Connect With Me

If you found this project interesting, feel free to check out more of my work.

⭐ Follow me on GitHub for more AI, LLM, and voice agent projects.

Introduction

Voice AI has made incredible progress in recent years. Large Language Models can reason, summarize, and solve complex problems with impressive accuracy. However, when it comes to real-time voice conversations, most enterprise voice bots still feel robotic.

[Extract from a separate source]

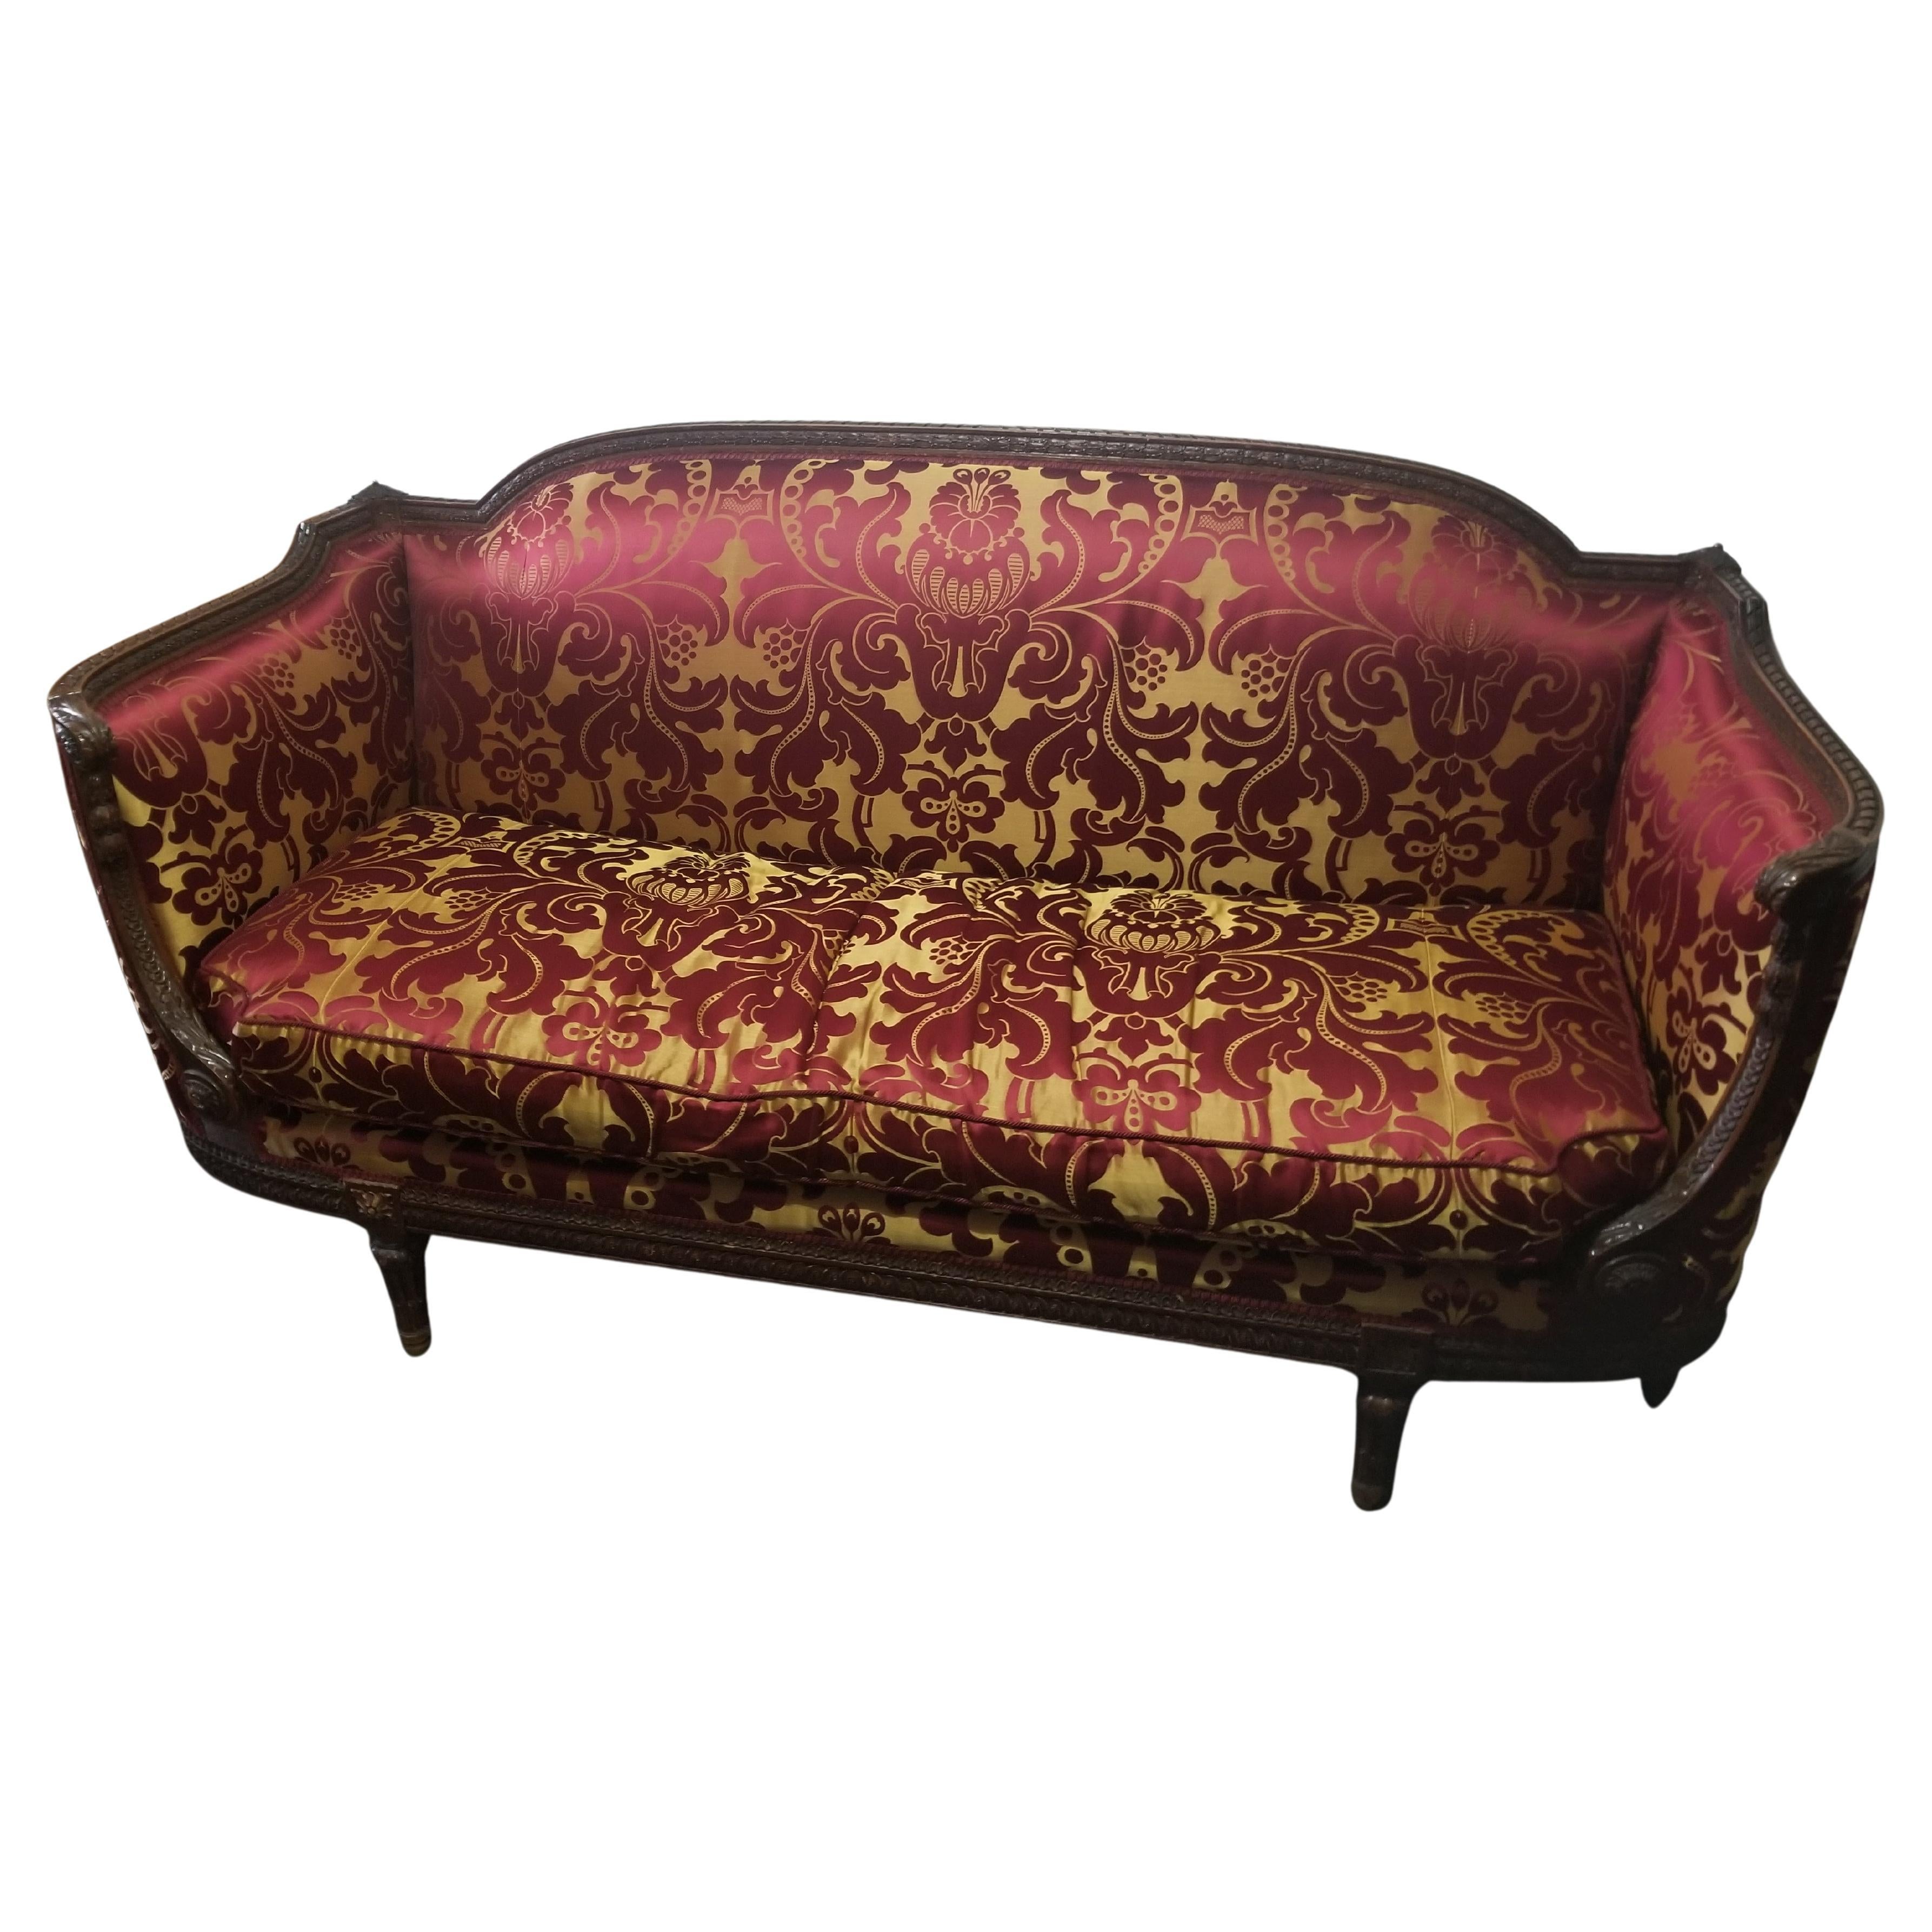 Antique French Louis XVI Style Carbed Walnut Frame Sofa, circa 1860

One of the biggest problems is latency.

In natural human conversations, pauses longer than 300 milliseconds start to feel awkward. Unfortunately, many modern voice assistants still take 1–2 seconds to respond after a user finishes speaking.

The MNK Voice Agent Suite was designed to solve this problem.

Our goal was to build a full-duplex conversational AI system capable of holding natural phone conversations with sub-300ms response latency, while also providing enterprise-grade transparency and cost monitoring.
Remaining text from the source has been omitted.